BOB GARFIELD: That sounds harsh. What about in non-fiction? Documentary and news coverage of the north?
GORDON FAIRCLOUGH: The north and the south for a long time were locked in a kind of neck and neck struggle economically, politically, militarily. And after the demise of the Soviet Union, North Korea's economy has really spiraled downwards, and so over the course of the '90s, instead of seeing images of the North Korean military and North Korean industry, we started to see pictures of starving North Korean children as famine hit North Korea in the mid-1990s, causing perhaps a million or more people to lose their lives.
BOB GARFIELD: So either bloodthirsty brainwashed zealots, or pitiful figures who have lost the ideological and economic war. What has changed in the last five years?
GORDON FAIRCLOUGH: Just more humanization, I think. You know, in a recent movie, there are a couple of North Korean marines who are out fishing, and they get accidentally blown ashore in South Korea, and they're desperate to get home, and they're sort of befuddled by technology in South Korea. They, they can't figure out how to work the phone card, and you know, it turns out to be one of these heroes with heart of gold stories, and they befriend a young South Korean girl, and they rescue her from a bunch of South Korean hoodlums by outsmarting and outfighting them, which is a kind of portrayal of North Koreans that probably would have been against the law in the old days. In fact, the most popular TV show on Saturday night here in Seoul this past season is a quiz show pitting elementary school kids from North Korea against kids from the South.

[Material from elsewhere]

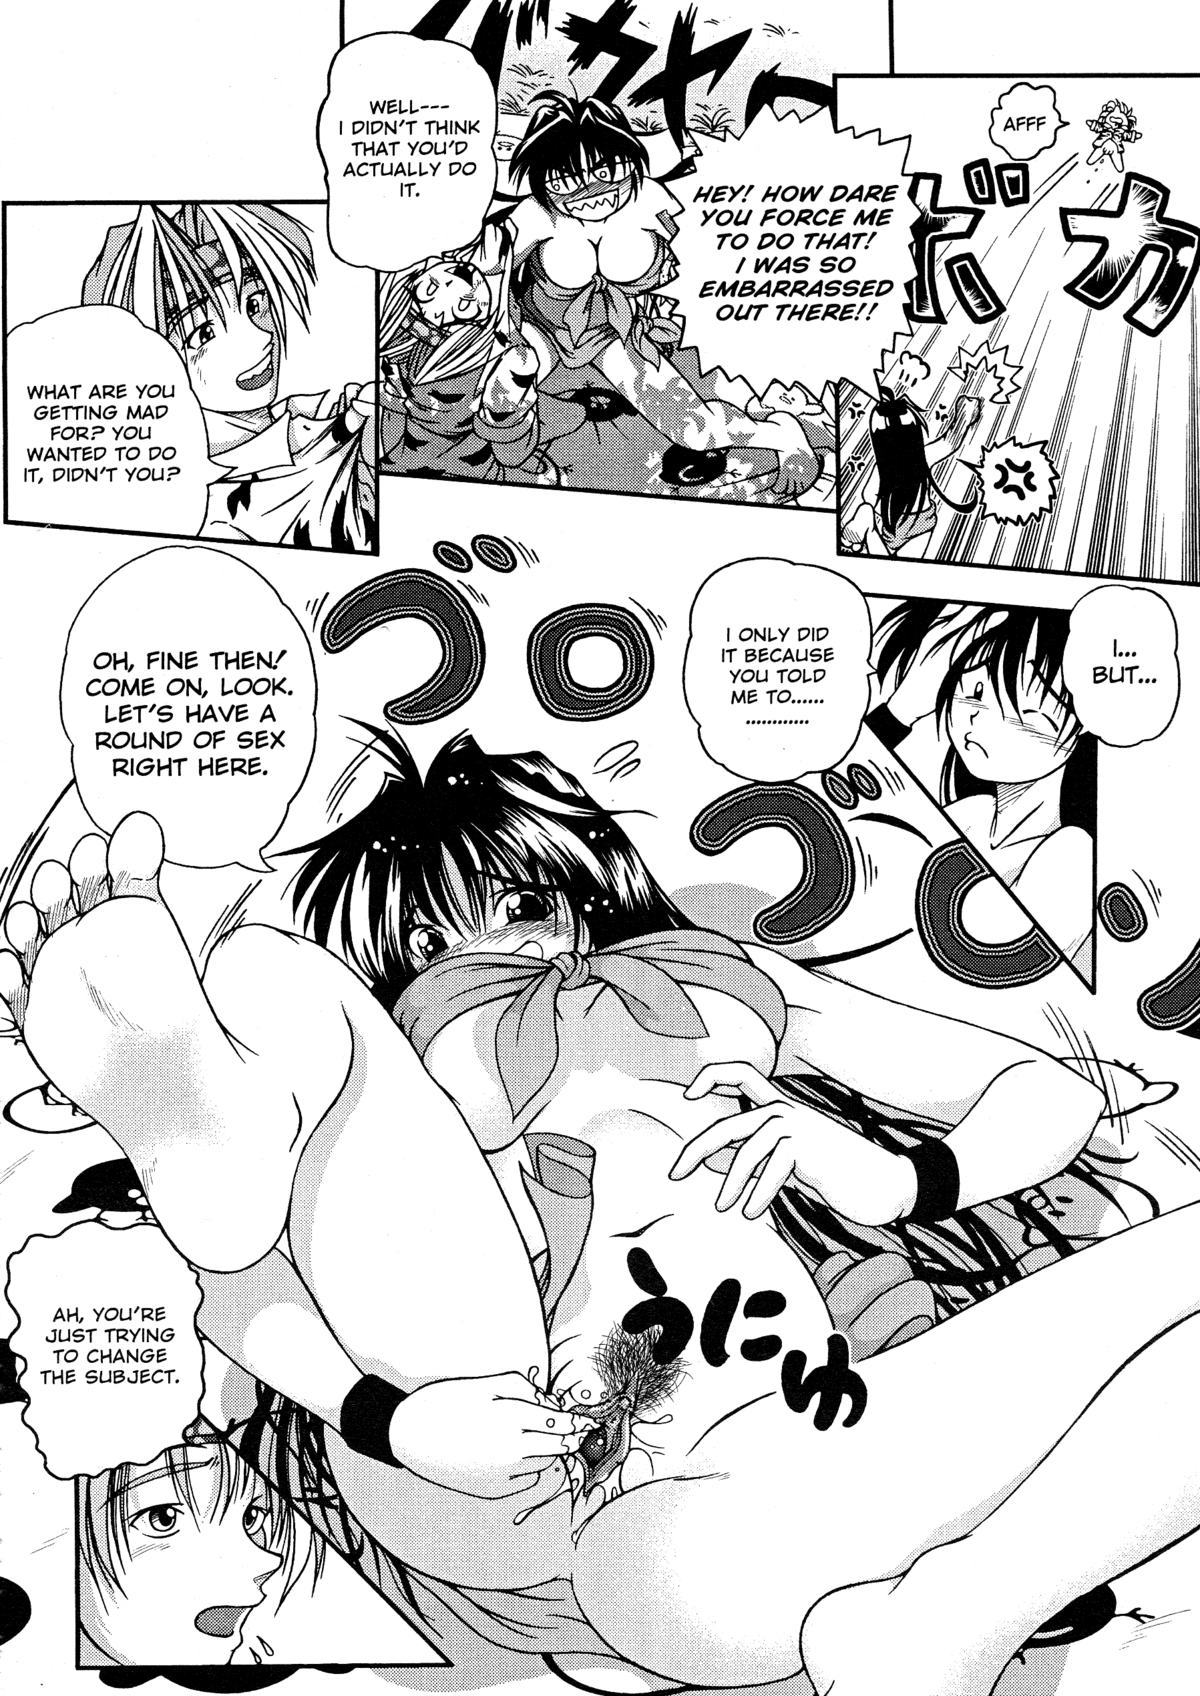 Flashbang!Hi-res 159 hentai manga

BOB GARFIELD: But I understand that this is produced with some degree of subterfuge. There's not actually a competition afoot here, is there?
GORDON FAIRCLOUGH: That's true. There is a bit of editing sleight of hand involved here, which does confuse some viewers, despite the show's disclaimers. Basically, what the producers of the show have done is taken footage that they've pulled off a satellite from a North Korean show that aired last year, and they've inter-spliced that with new footage shot here in the South, and they've built a set that looks exactly like the one in North Korea, and they've brought in a bunch of South Korean kids. They've even re-dubbed the voice of the North Korean M.C. to make it seem like she's bantering with the South Korean host.
BOB GARFIELD: If you were a sociologist, or if you were a journalist, Gordon, and you were looking at the kids from the north and the kids from the south, what conclusions about those societies could you divine?
GORDON FAIRCLOUGH: Well, you know, some of the things on the surface are very obvious. All the North Korean kids are wearing matching white shirts and dark trousers, and their red young pioneer kerchiefs knotted around their necks. When they're answering questions, they tend to stand at attention behind their desks. The South Korean kids, on the other hand, you know are decked out in multi-hued brand name clothing, and some of 'em are sporting hairdos spiked up with gel, and you know they, they laugh a lot, and interestingly, from some older South Koreans, they've made the point to me that, you know, those North Koreans, they behave better. They are more polite. They act more like good Korean kids should.
BOB GARFIELD: Is there any evidence the sun is shining on the other side of the border? Have the images of the south, as far as you know, been softened by the media or any other institution in North Korea?
GORDON FAIRCLOUGH: I think that there has been some toning down of rhetoric in the north. They used to hurl insults at each other over loudspeakers across the DMZ. That has stopped. But there is not the kind of general thaw that you see in South Korea.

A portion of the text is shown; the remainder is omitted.